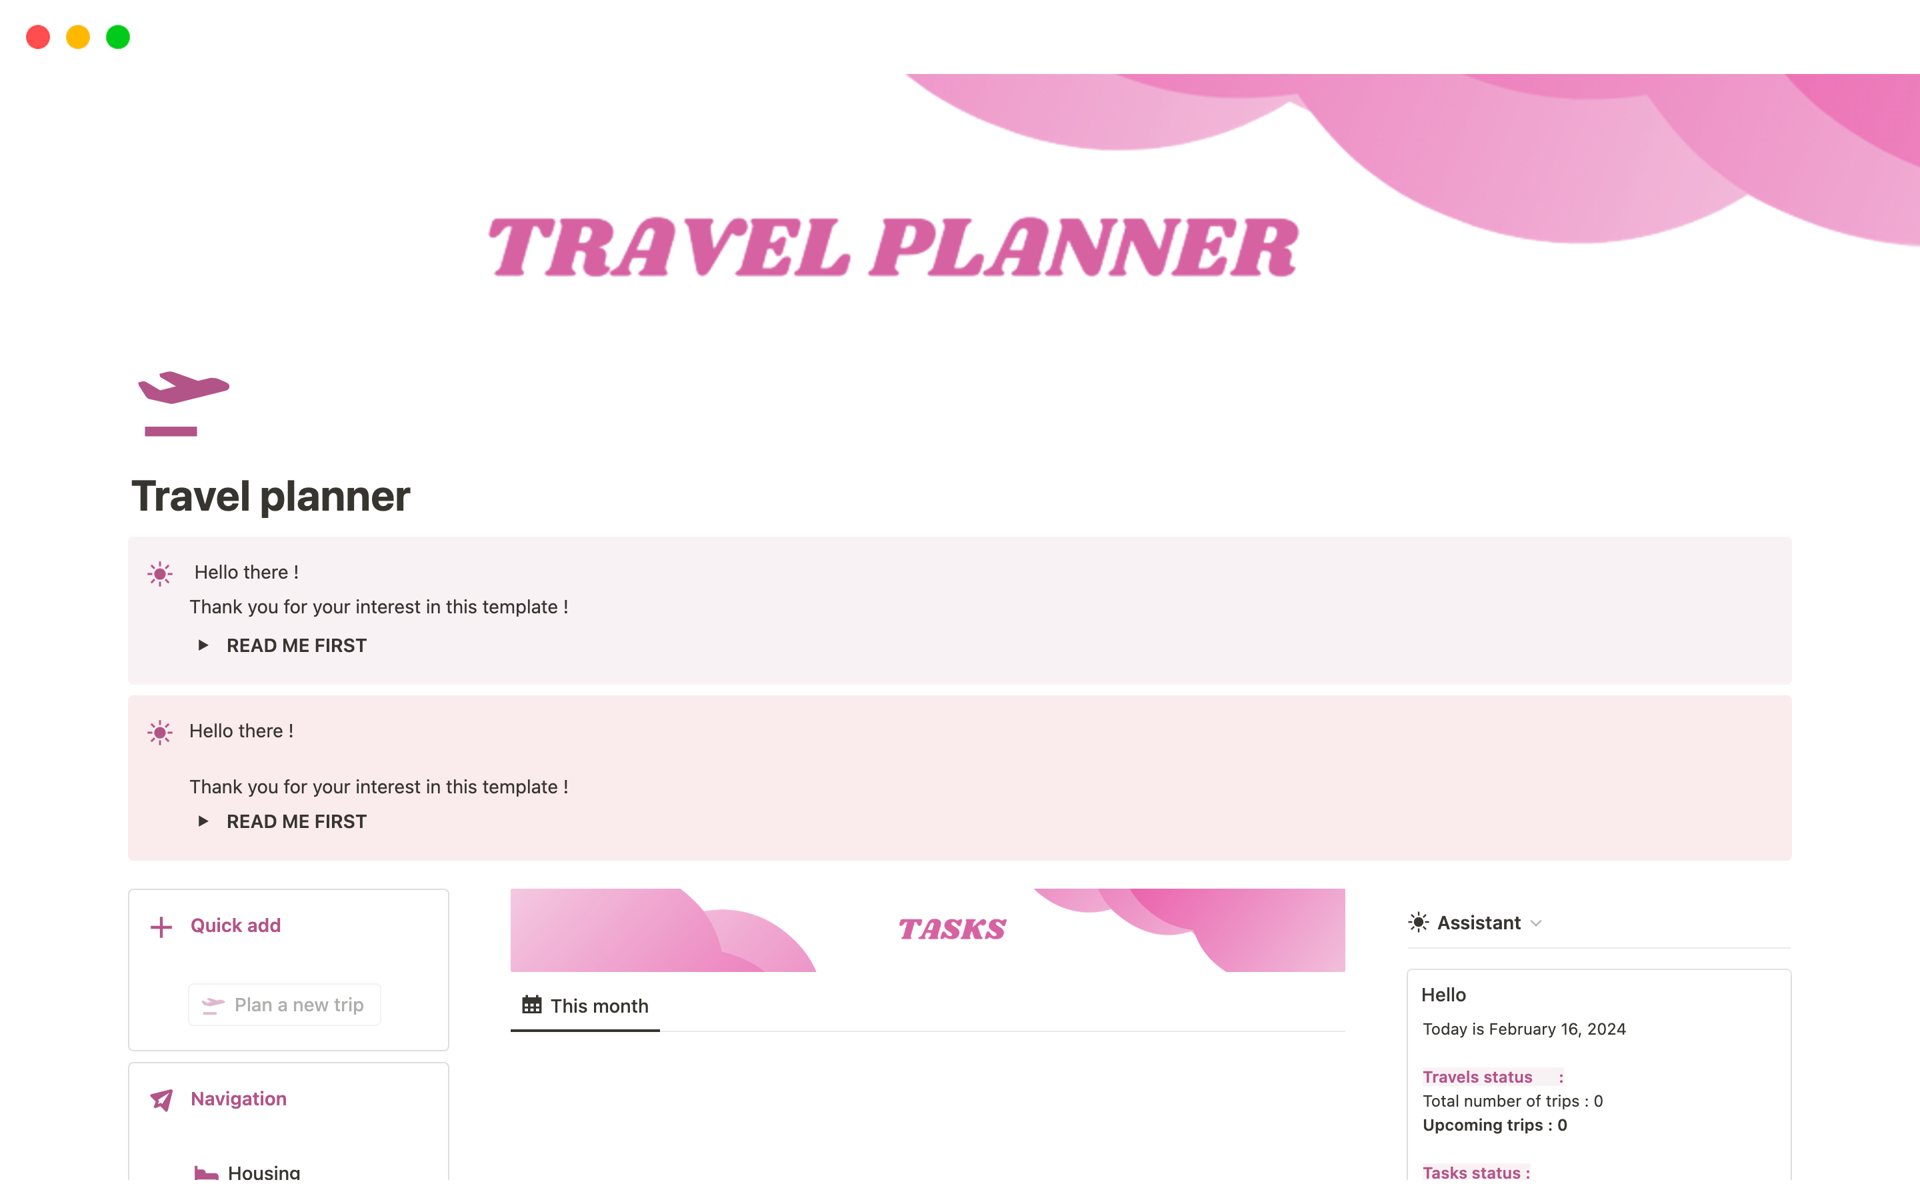 Uma prévia do modelo para Travel planner
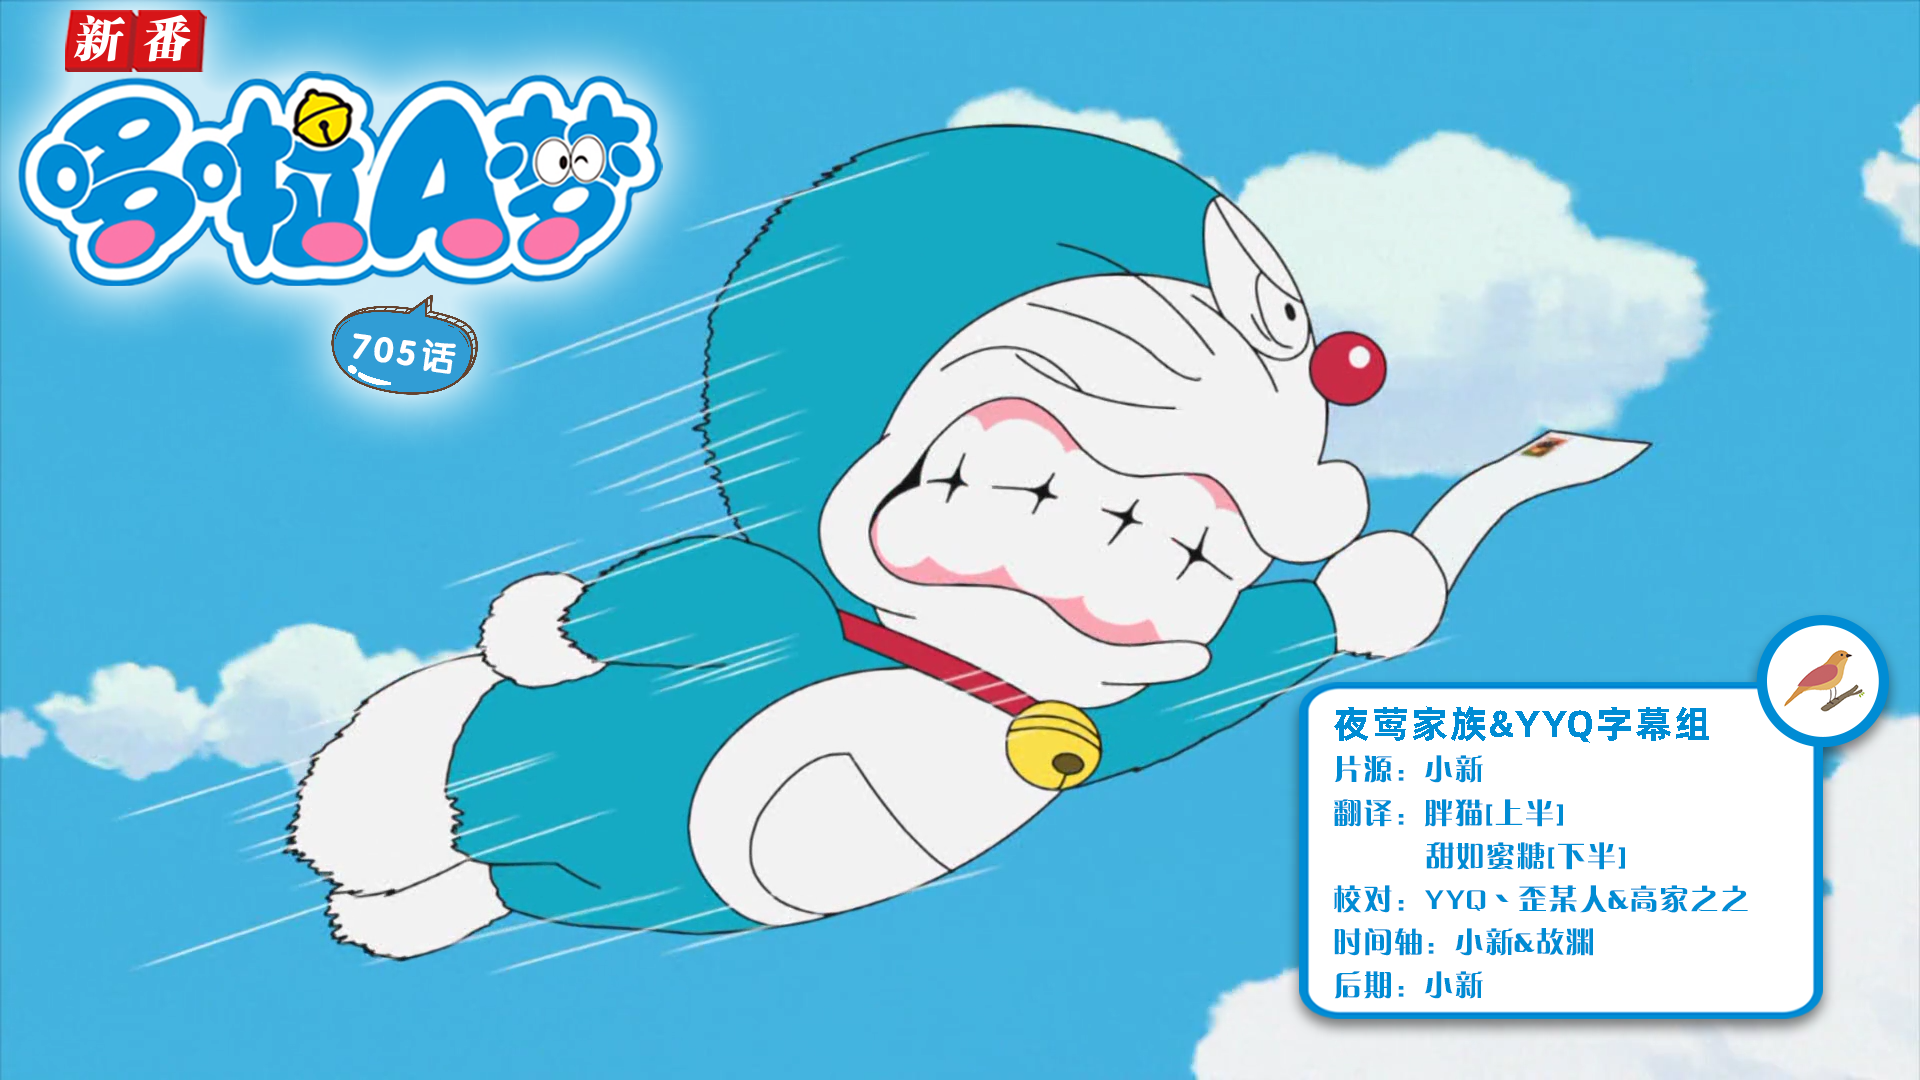 [夜莺家族&YYQ字幕组]New Doraemon 哆啦A梦新番[705][2022.05.07][AVC][1080P][GB_JP]插图icecomic动漫-云之彼端,约定的地方(´･ᴗ･`)2
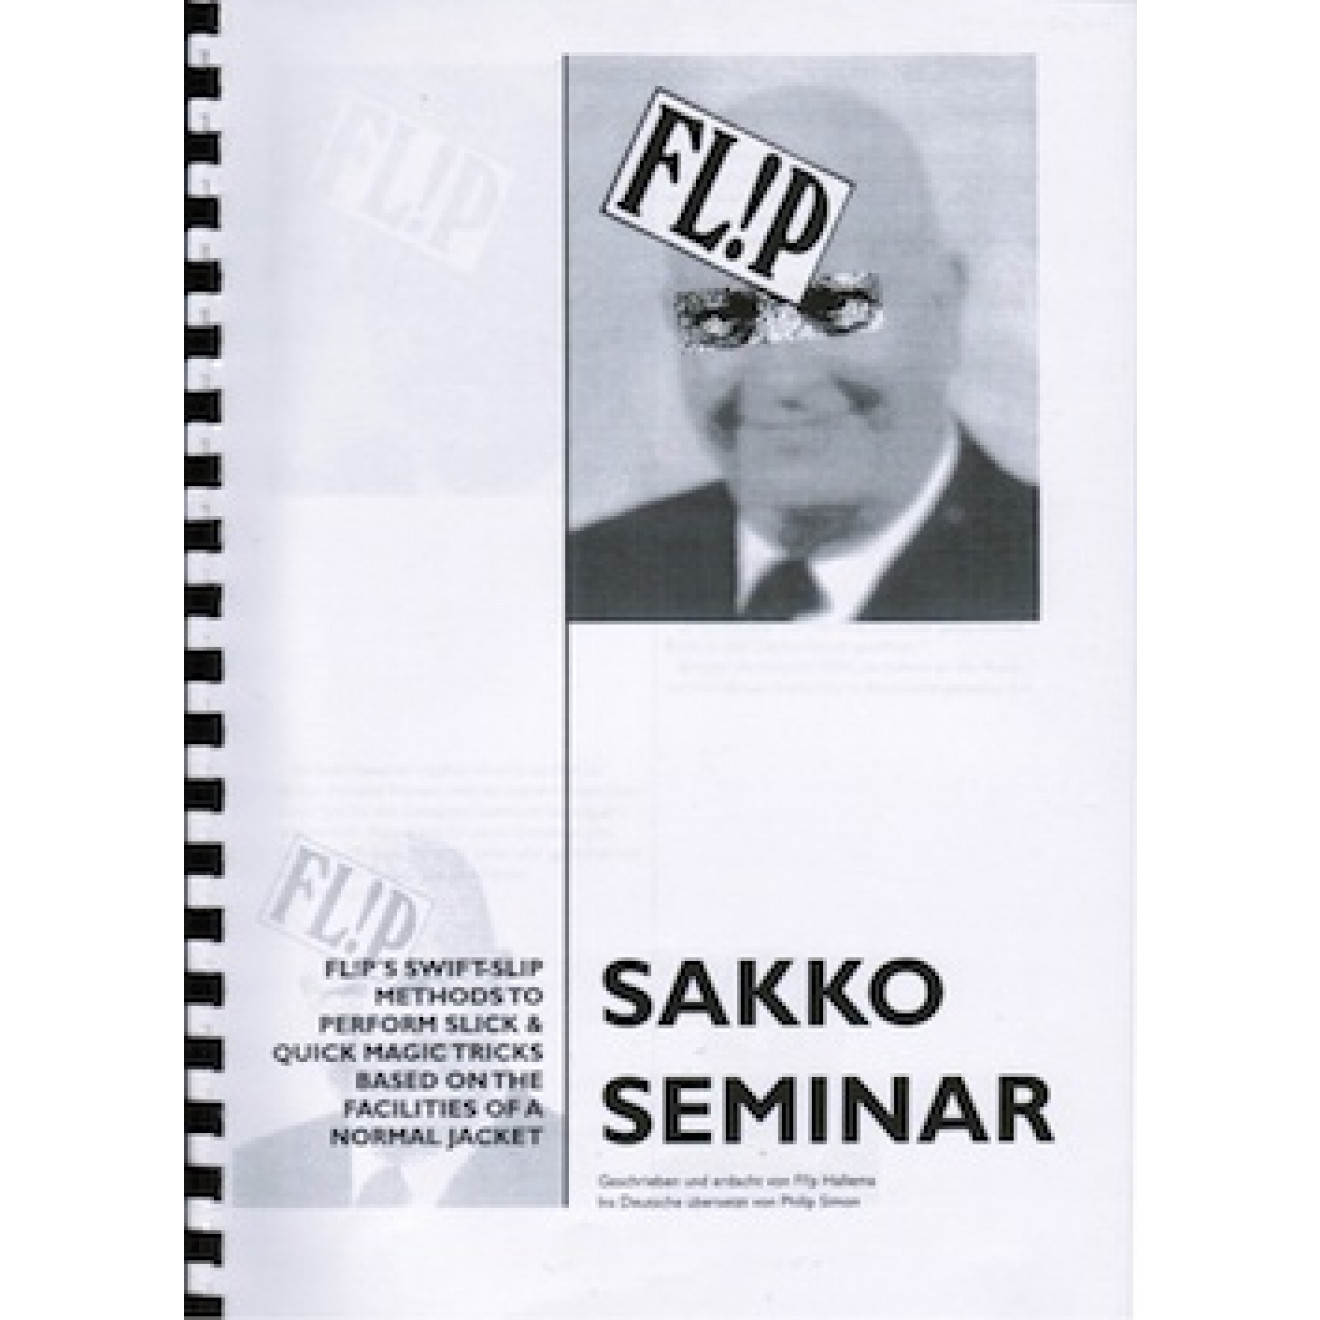 Sakko Seminar
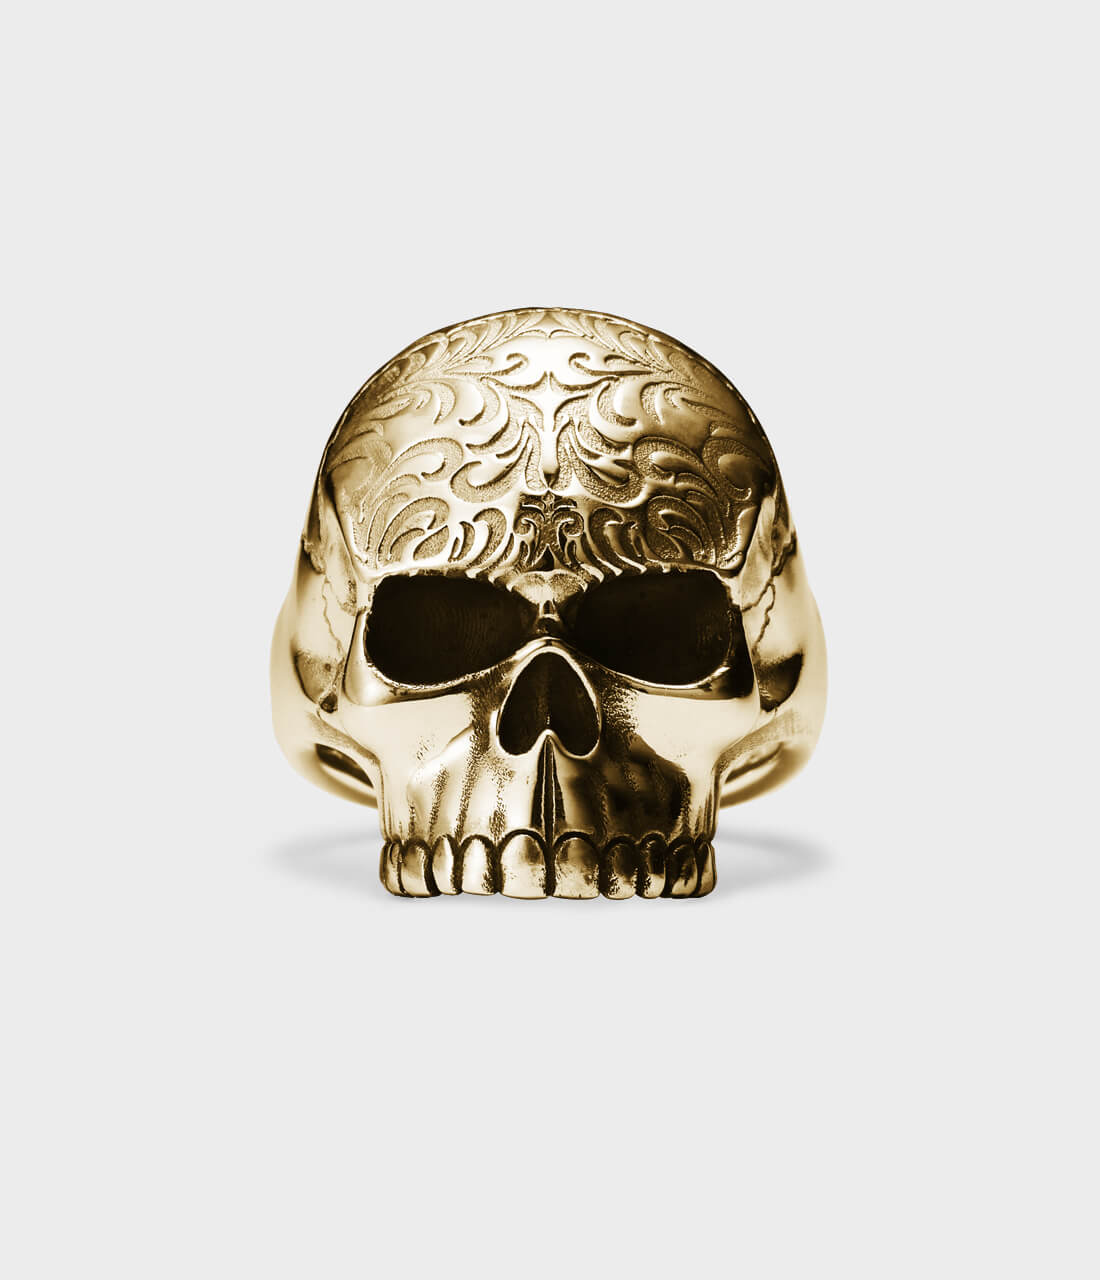 Tattoo Tribal Gold Skull Vector Art Stock Vector Royalty Free 141643603   Shutterstock
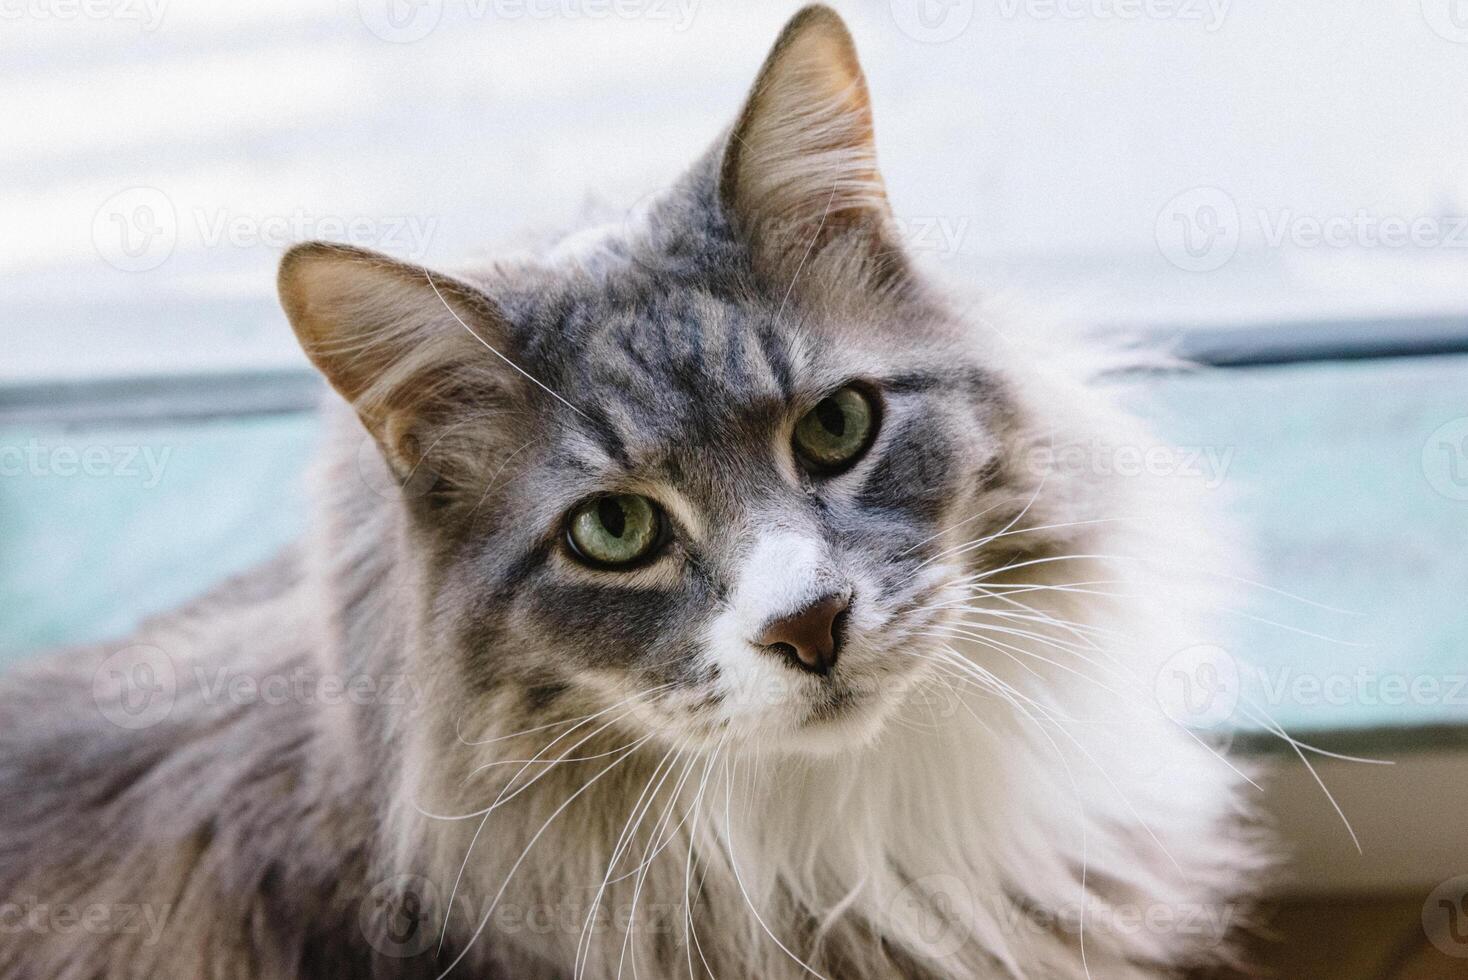 Maine Waschbär Katze mit Grün Augen und grau Pelz foto
※ ※ ※
INSTRUCTIONS FOR THE TASK: Leave the pictures out and copy the rest of the data exactly.

EXPECTED ANSWER:
 Uma prévia do modelo para Travel planner
 [夜莺家族&YYQ字幕组]New Doraemon 哆啦A梦新番[705][2022.05.07][AVC][1080P][GB_JP]插图icecomic动漫-云之彼端,约定的地方(´･ᴗ･`)2
 Sakko Seminar
 Tattoo Tribal Gold Skull Vector Art Stock Vector Royalty Free 141643603   Shutterstock
 Maine Waschbär Katze mit Grün Augen und grau Pelz foto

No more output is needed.